= Fish fillet processor =

A fish fillet processor processes fish into a fillet. Fish processing starts from the time the fish is caught. Popular species processed include cod, hake, haddock, tuna, herring, mackerel, salmon and pollock.

Commercial fish processing is a global practice. Processing varies regionally in productivity, type of operation, yield and regulation. Approximately 90% of processed fish are oceanic fish. The remaining 10% are from conciliatory freshwater operations and aquacultural production. Most fish processing industries are near commercial fishing zones. In certain regions, fish are transported or exported for processing.

==Major fish processing countries==
The largest fish processing countries in order are:

- Vietnam
- China
- Peru
- Chile
- Japan
- The United States
- The Russian Federation
- Indonesia

These countries produce over half the world's fish products. The Pacific Northwest region of the United States provides the greatest volume.

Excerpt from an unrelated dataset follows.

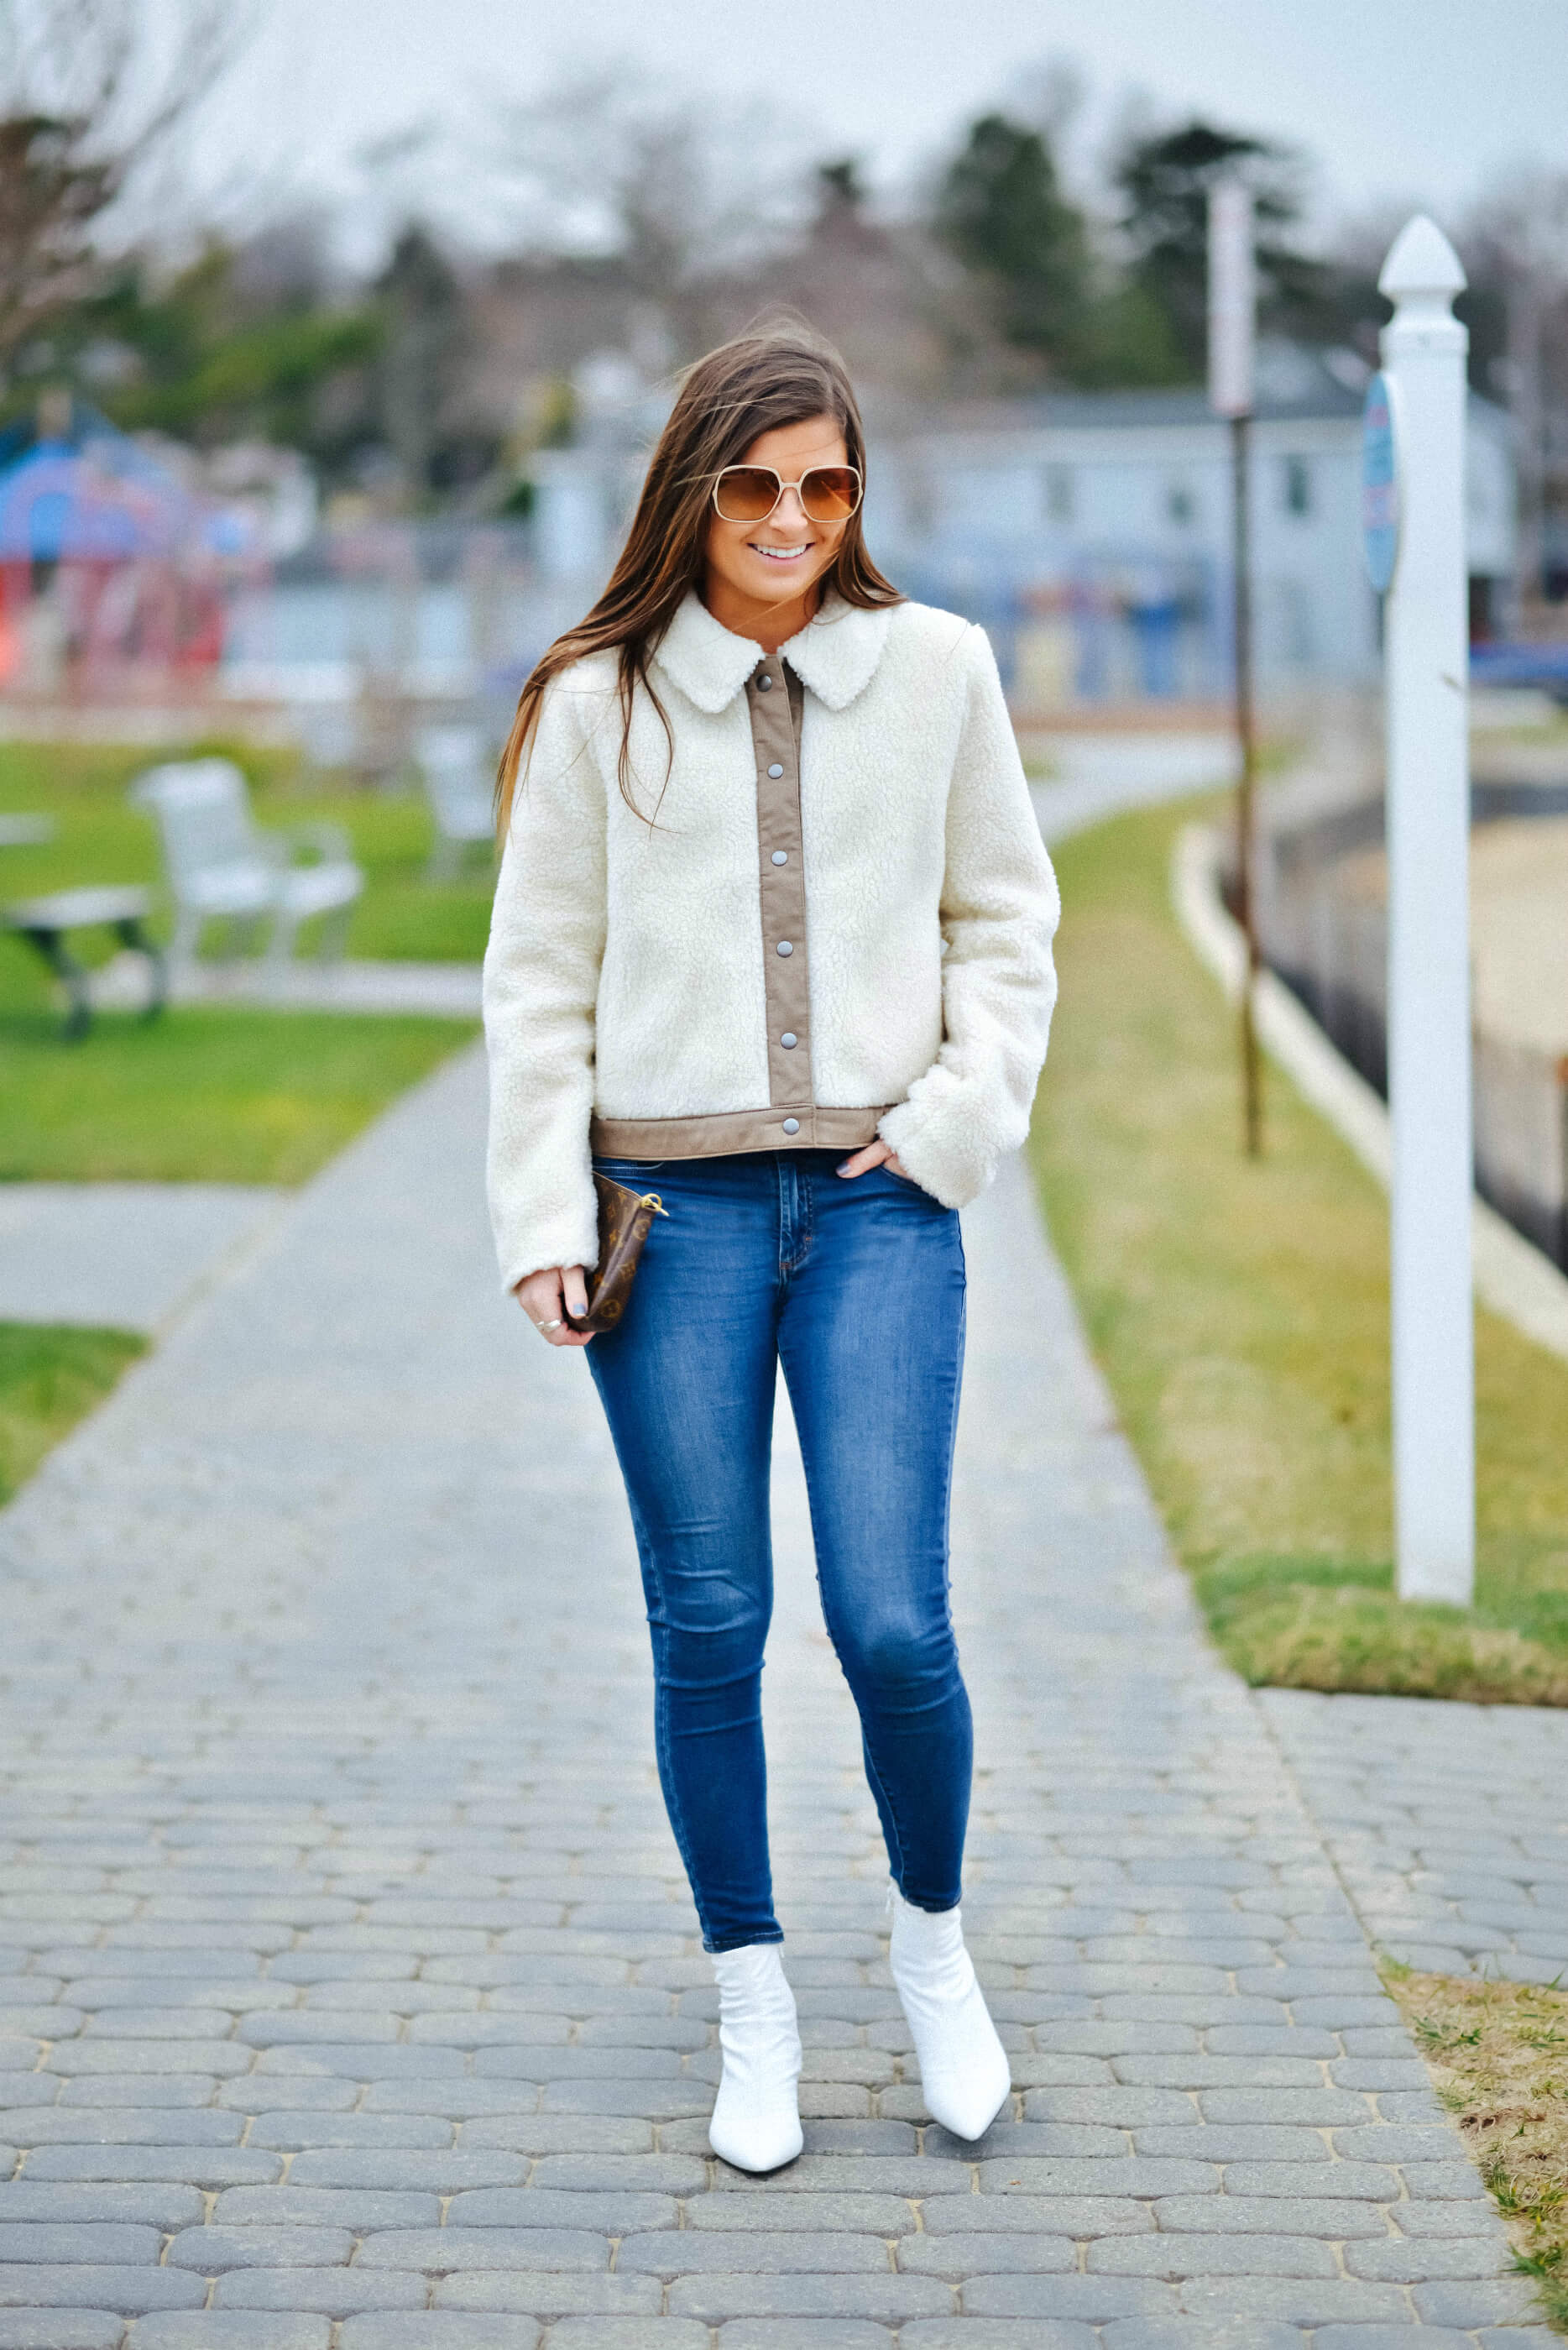 Madewell Sherpa Portland Jacket, White Booties, Winter Style, Henri Bendel Piper Sunglasses, Tilden of To Be Bright

==Uses of processed fish==
Seventy-five percent of fish processed is for human consumption. Fish oil and fish meal comprise the remaining 25% of fish processing, with fish meal predominantly used in livestock feed and aquaculture.

Fresh fish accounts for 30% of production. Most processed fish is sold frozen as fillets or whole fish, canned fish and as other fish protein products (e.g. surimi). The consumption of frozen fish products as ready-to-eat meals, fillets, and whole fish is increasing globally.

== Processing procedures ==
Processing can start either on the fishing vessel or at the plants. For example, sometimes the fish are beheaded and gutted on the fishing vessel itself.

The process involved in filleting of whitefish is moderately different as compared to the filleting of oily fish.

=== Whitefish ===

In certain fish processing industries, filleting is done manually.

The fish is be-headed, gutted, de-iced and de-scaled. It is then graded and filleted by hand. After the processing phase, the fish fillet is trimmed for blood, bones, fins, black membrane, fleas, loose fish scales and sorted. It is then packed and frozen in cold storage.

=== Processing of oily fish ===
Oily fish have oils throughout their tissues and in the stomach cavity around the gut. Up to 30% of oil is found in the fillet, varying across species. Examples of oily fish include salmon, tuna, mackerel, herring and anchovy.

Due to the oil content, gutting and heading is avoided to reduce the risk associated with oily surfaces. The oily skin is kept as it retains the quality of the flesh. The filleting process is almost the same for the whitefish breeds, but oily fish is mostly canned.